What the EU's Safe Harbour ruling means for European businesses

Mike Fey recalls the European Court of Justice invalidating the agreement between EU and US organisations on data transfer on 6 October.

Mike Fey, President and COO, Blue Coat
Mike Fey, President and COO, Blue Coat

For the past 15 years, more than 5,000 companies relied on Safe Harbour as a means to sanction moving information into the US from Europe. This legal decision to invalidate that option is likely to wreak havoc for thousands of businesses, as they will have to move away from this framework for transferring and storing EU data in US servers, and find another way of being able to do so.

In a recent industry talk, Wikipedia's co-founder, Jimmy Wales said the dismissal of Safe Harbour won't impact his company, but that it will create ‘unbelievable complications' for tech firms, such as Facebook and Google. Wales continued to say the Safe Harbour ruling worries him as a consumer, as well as an entrepreneur because the move to an era of ‘Balkanised' data, where data has to be held in-country in very specific ways across many jurisdictions, will more than likely slow down the process of being able to access data.

Whilst these rulings will immediately affect US companies doing business in EU countries, it will spread globally. Countries may either follow suit, or retaliate, so companies should be prepared for this to become a much bigger issue over time. These will likely have an impact on investment and financial performance, as companies may need to build new data centres where data resides. Funding this investment could impact on the provider's ability to sell services to entire regions.

Impact on cloud computing

The rapid uptake of cloud applications by European consumers and businesses, means many of the cloud services require EU enterprises to send data to cloud infrastructures in the US for processing and storage. Under Safe Harbour, that was allowed, but the recent changes in the ruling looks to reverse that, and compel organisations to react.

One of the more immediate places where businesses will feel the impact of this decision is in cloud computing. Tightening data privacy regulations carries consequences for businesses that can't quickly adapt, particularly putting cloud service providers (CSPs) in a difficult situation. They depend on the Safe Harbour framework to do business in Europe, using it to authorise them to store data on behalf of European companies and mobile application developers.

As organisations push cloud adoption, inevitably sensitive and regulated data will end up in the hands of outside service providers, such as SaaS applications. Recent survey findings show most IT security professionals believe they don't have full visibility into where all their organisation's sensitive data resides.

How can businesses overcome these changes?

Organisations need actionable advice for instituting proactive mechanisms to ensure data privacy and regulatory compliance while they run the business; such guidance is lacking from the Safe Harbour legislation.

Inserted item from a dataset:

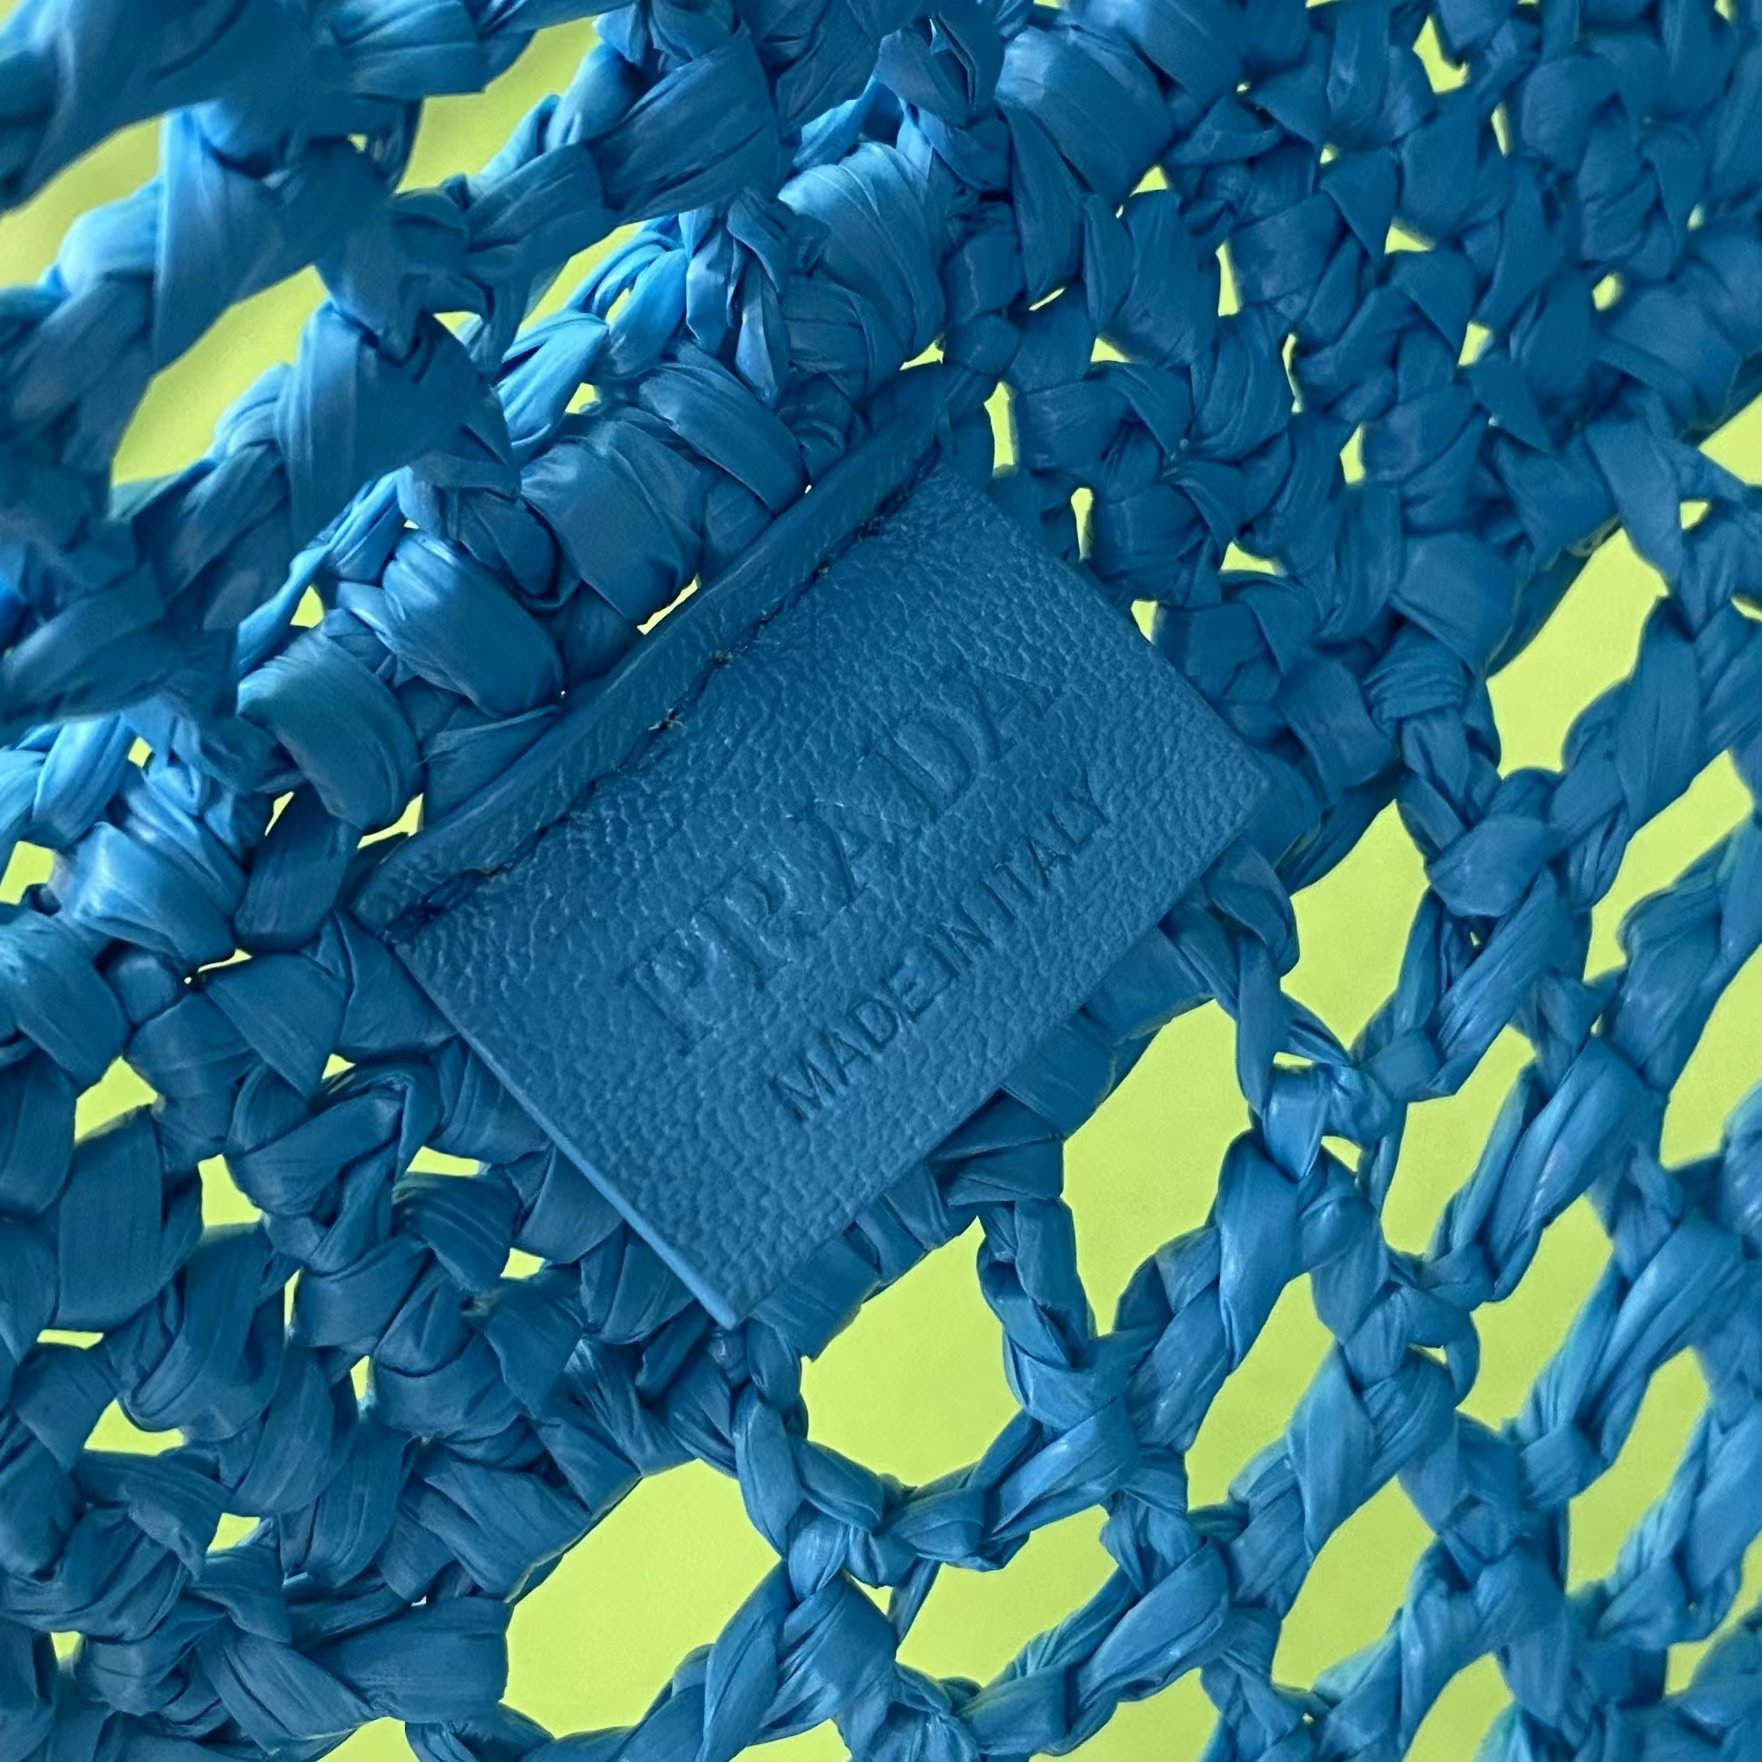 【P570】普拉达22年新款包包 Prada蓝色日本纸材质编织镂空手提单肩包
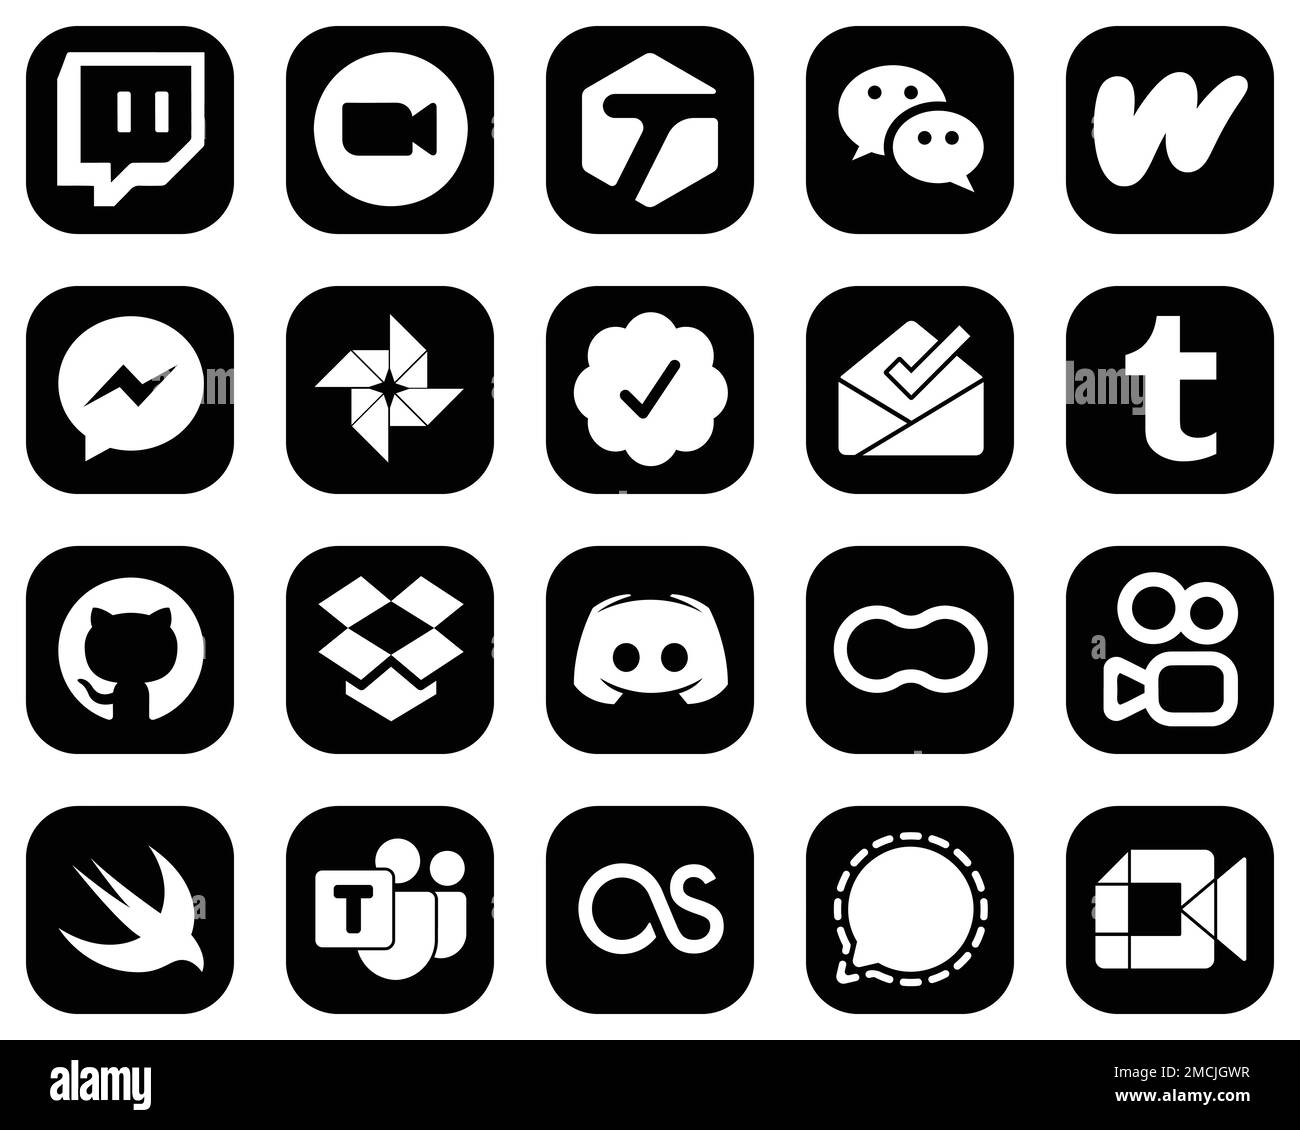 Github Logo - Free social media icons

Here are five tips to help businesses control cloud data and access in light of the Safe Harbour ruling as an evolving regulatory landscape:

  1. Improve visibility into exactly what data is moving outside of the business' network and where. Discover hidden cloud services, inventory sanctioned clouds, and determine where all the data centres are and which ones need to be compliant.
  2. Take proactive steps to tokenise data to ensure compliance with prevailing EU data privacy regulations. Tokenisation is considered by many to be the existing standard to address data privacy and compliance, since tokens have no mathematical relationship to the original clear text, sensitive data and no possibility of back doors.
  3. As businesses' primary and backup data centres may be located in different countries or regions, this will mean businesses will have to use cloud service providers' local EU data centres, where cloud providers often maintain the right to move data between data centres.
  4. The regulatory and data privacy landscape will continue to change, so businesses need to future-proof their IT and cloud infrastructure to allow the flexibility to quickly adapt to evolving regulations by anonymising and encrypting data. Businesses need to take responsibility for implementing ways to share data in an anonymised way that still allows them to get the insights they need without violating individual privacy specifications.
  5. When encrypting data, sole physical encryption key ownership and custody are suggested means for data protection. Businesses must have an encryption approach which ensures data is protected in all three phases of the cloud data lifecycle: in transit, at rest and in use.

In the coming days and weeks, it is expected the case involving Max Schrems and the Office of the Data Protection Commissioner will come back before the High Court in Ireland. With this in mind and taking into consideration the regulatory landscape that is full of twists and turns, businesses need to ensure they can dance to the regulator's tune.